The interactive dialogue — on the heels of the International Day of United Nations Peacekeepers on 29 May — is an annual fixture on the Council calendar, but it took on added significance this year after the traditional Head of Military Components Conference at Headquarters, which brings together the heads of the Organization’s 13 peacekeeping operations, was postponed due to the novel coronavirus outbreak.

Tage Dennis Gyllenspore, Force Commander of the United Nations Multidimensional Integrated Stabilization Mission in Mali (MINUSMA), expressed pride in the Mission’s accomplishments — including the recent deployment of a reconstituted and integrated national army and the fielding of its first echelon. In Gao and Timbuktu, MINUSMA handed over operational coordination mechanisms and the reconstituted units are engaged in patrolling and basic security operations. The disarmament, demobilization and reintegration process is scheduled to begin again on 5 June following a recent agreement, and on 17 May, a company-sized unit of the Malian Armed Forces redeployed to Labezanga. That move was a major milestone towards re-establishing State authority, he said, also outlining the Mission’s protection-of-civilians efforts. It responded to several attacks and warnings by sending ground forces and helicopters, and while not all casualties were prevented, further carnage likely was. Evidence shows that violence has dropped in areas where the Mission conducts at least bimonthly patrols. However, due to the long distance, difficult terrain and numbers of attacks, the current posture and configuration is not fit for purpose.

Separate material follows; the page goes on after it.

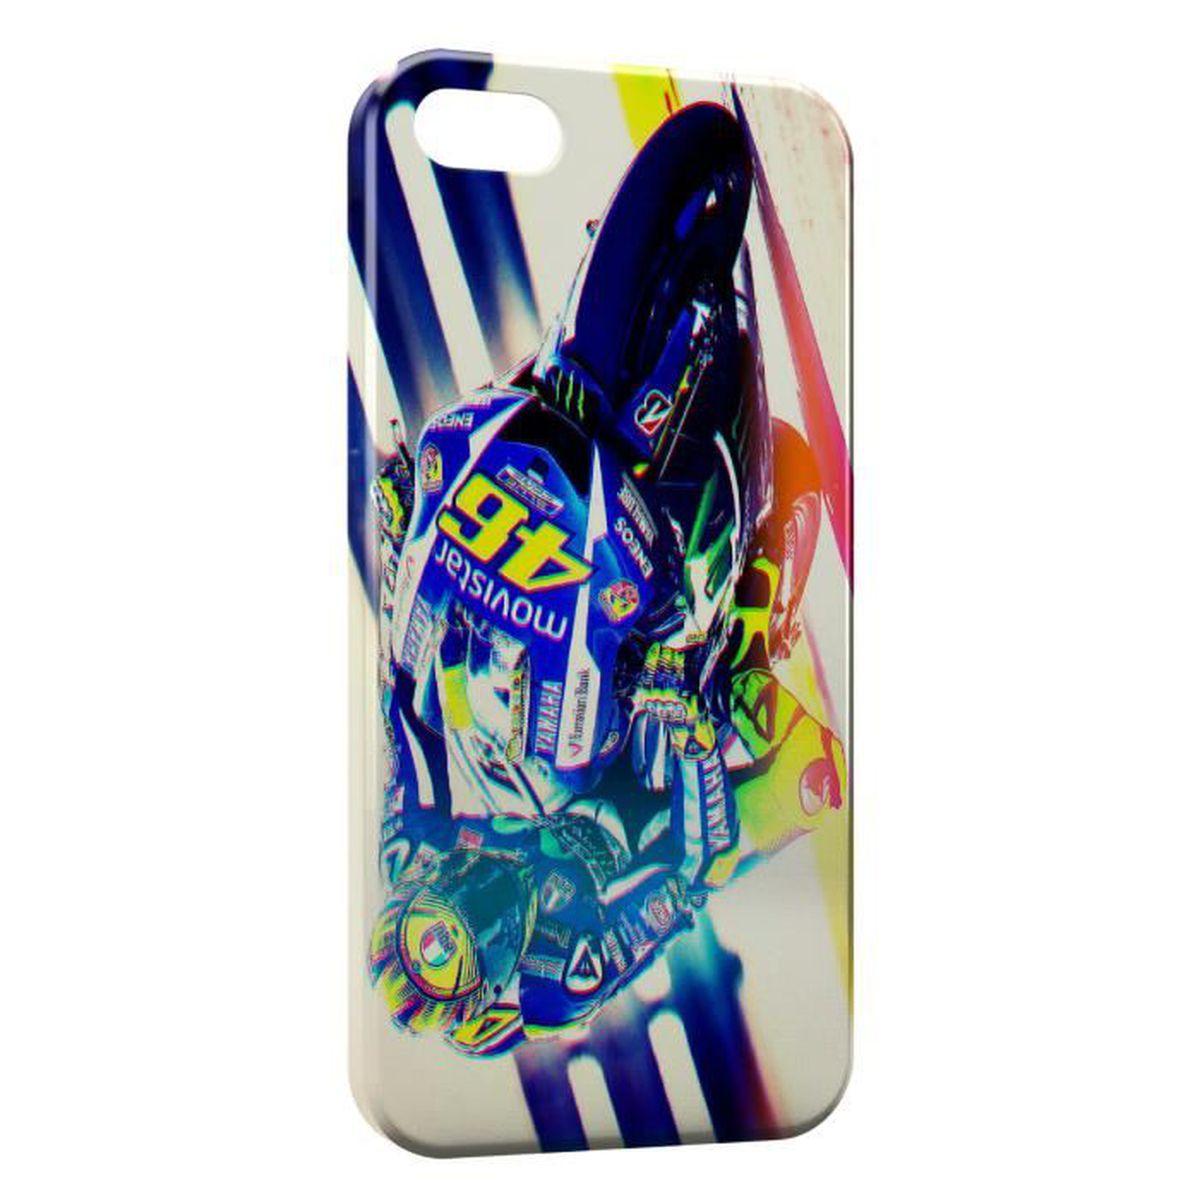 coque iphone 6 vr46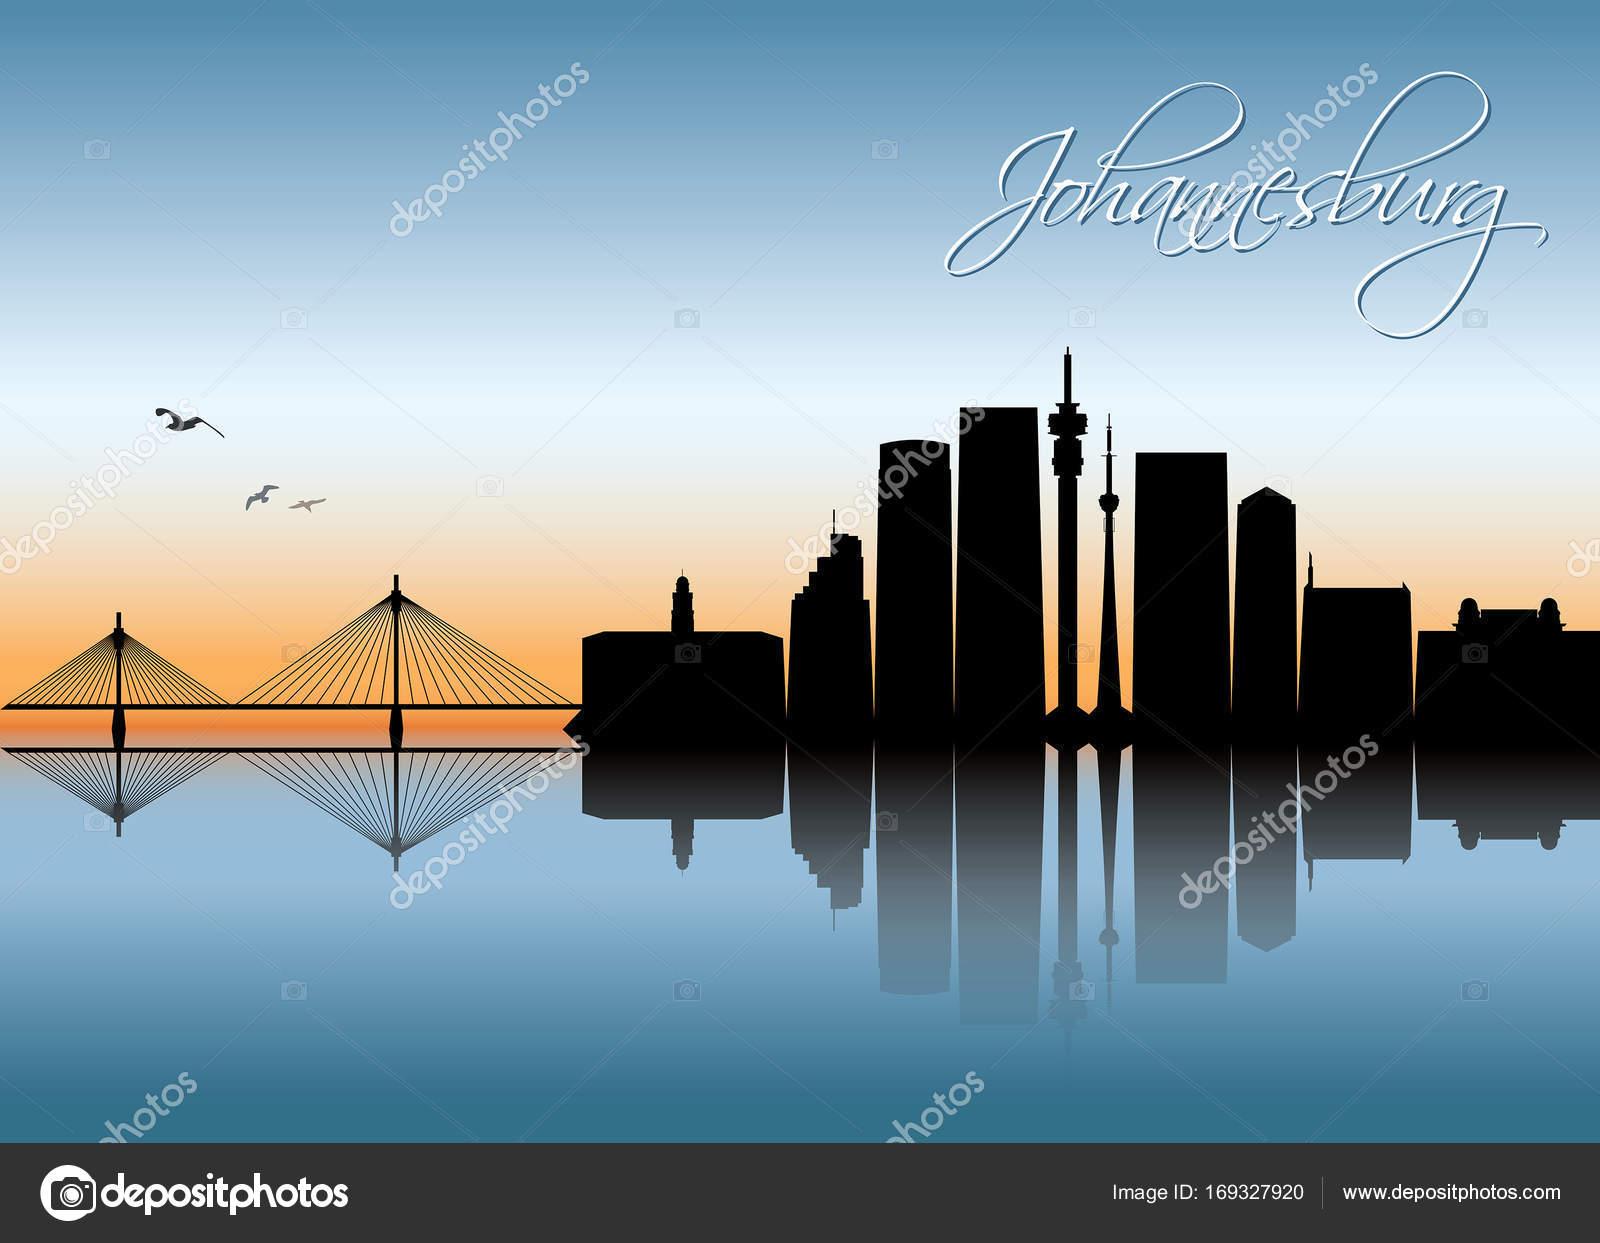 Johannesburg skyline banner stock vector itrovic 169327920 johannesburg skyline banner stock vector altavistaventures Images

Turning to efforts to combat COVID-19 in Mali, he said MINUSMA has been coordinating with the Government to provide support and ensure conformity with national regulations. “We realize the importance of maintaining health and security during this pandemic, not only for the benefit of the Mission’s peacekeepers but also for MINUSMA’s reputation as an entity that assists and in no way harms the population,” he said. The Force has put in place a range of preventive measures to curb the spread of the virus, such as a strict quarantine policy, strict prioritizations of air operations and specific instructions for patrols to limit interactions with the population. “Notwithstanding these measures, I have made it clear that this is not the time for the force to take a step back,” he said, emphasizing that the Mission will continue to strive to fulfil its mandate while acting prudently and mitigating risks.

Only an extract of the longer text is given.